I’m sorry for the silence the past week.  We’ve been getting the trailer repaired, which means we’ve been parked at the non-wifi-carrying RV campground adjacent to the repair shop 🙂  I’m sitting here at the Dunkin Donuts nearby, that has free wifi, and good coffee, bless their hearts. 

Staying here has given us time to regroup and think about moving elsewhere. Where to park our trailer home after its fixed.  No where next to a body of water – that’s my only condition.  We could both live the rest of our lives and never see a river again, and be perfectly happy about it. 

Friday we had a little treat. It rained ICE all day, so the world was “closed”, and we were forced to stay inside. That was the sweetest retreat. We used that time to drink hot chocolate, watch movies, and snuggle all day. We needed that! It was like a mini-honeymoon. 

It’s funny how God provides the weirdest little moments to heal the soul.

 

Healing through the camera lens

Since January 14th, I’ve been going through cycles of feeling stuck, and feeling happy to be alive.  Part of me is still in that river.  I don’t know what part that is quite yet…. Adam feels the same way.  I can see it in his eyes. He’s got that same drawn out look.  We’re waiting for whatever happens next, and at the same time, we’re not wasting a single moment – because we know how fast life and everything in it can be taken from you.

Through the last week, we’ve been witness to some amazing and spontaneous acts of grace.  A few people have gone out of their way to make sure we had what we needed not only to replace what was lost, but to make us feel safe and secure, and loved.  Our friends in another county, some sixty miles from us, welcomed us into their home and fed us, gave us clothes and shoes. The Red Cross dispatched someone to us from a hundred miles away, just to make sure we had enough food, gas, propane, clothing, and shelter.  Someone 250 miles away offered to help Adam replace any music or recording equipment we lost in the flood.  It’s been surreal.

Another thing I’ve realized as we have watched all of this unfold, is that for some reason, people who have close to nothing are more willing to give you (literally) the clothes off their backs than rich people are. Rich people tend to look at you with apprehension, not knowing what to say or how to act.  Just an FYI thing – for anyone out there who maybe in a position to help others who are in dire straights, the people who need help after a natural disaster, or something along those lines, won’t have the strength to even ask for it. When we were flooded out of our home and had only minutes to decide what to grab before we dove in the water, the future was the last thing on our minds.  Your numb after an event like that, and time stops for days. This was what amazed me the most. When we were unable to think or move, or know what to do next, that was when our truest friends, and the emergency services of the Red Cross, jumped in with us – and dragged us out, giving us hope and direction.
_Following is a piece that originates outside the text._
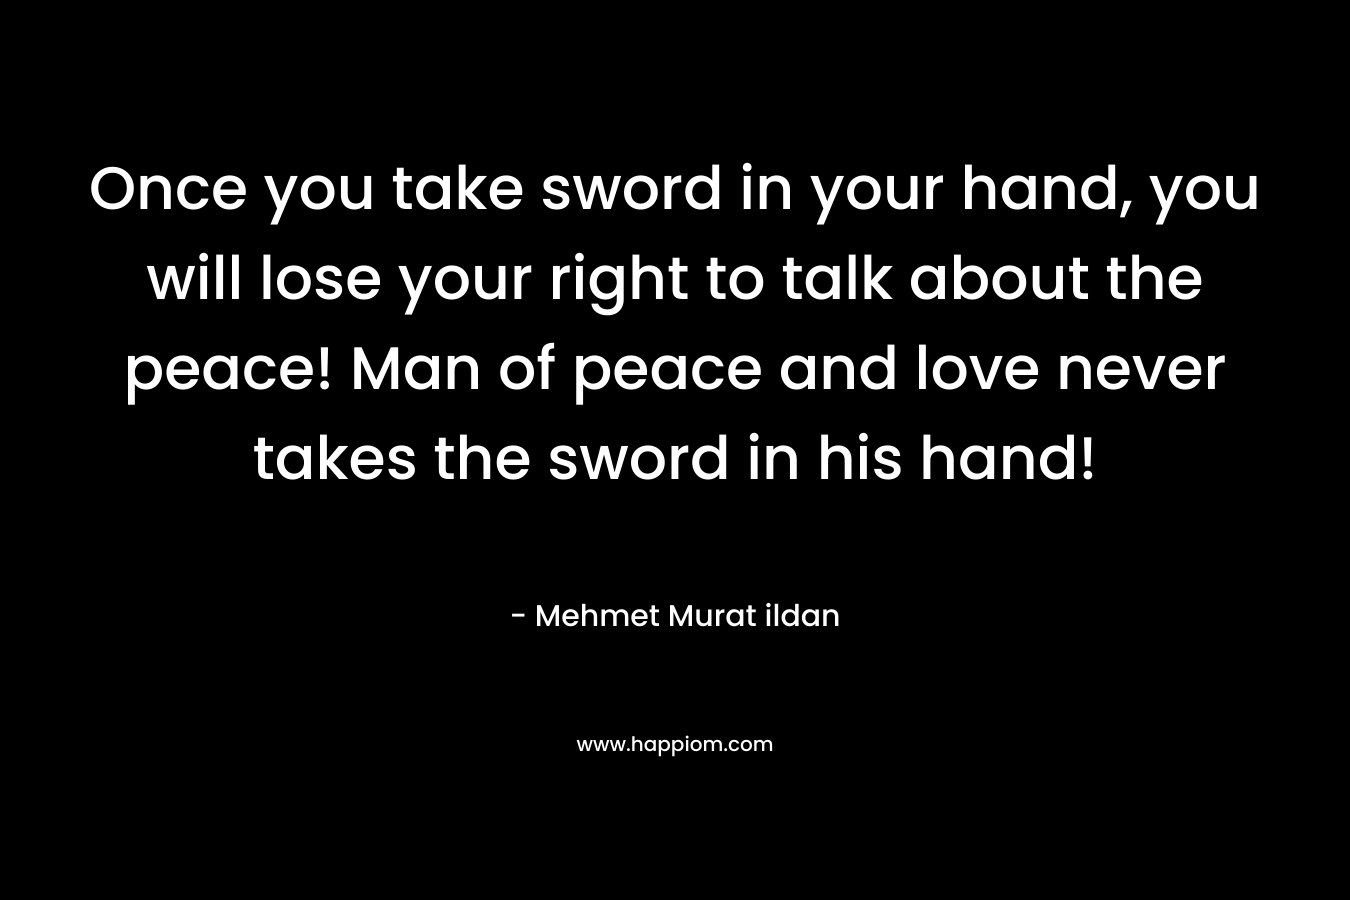 Once you take sword in your hand, you will lose your right to talk about the peace! Man of peace and love never takes the sword in his hand! – Mehmet Murat ildan

While we were retreating from the soaked earth, we stayed with our friends sixty miles away.  Their home, also known as Sunshine Stables, is a place filled wall to wall, and acre to acre, with love.  Even their animals love you, which is a simple reflection of the hearts of their “people”.  The beauty and the vibes of the place inspired me to start taking pictures.  Adam was up for it, so we started inside the house and made our way out to the barn.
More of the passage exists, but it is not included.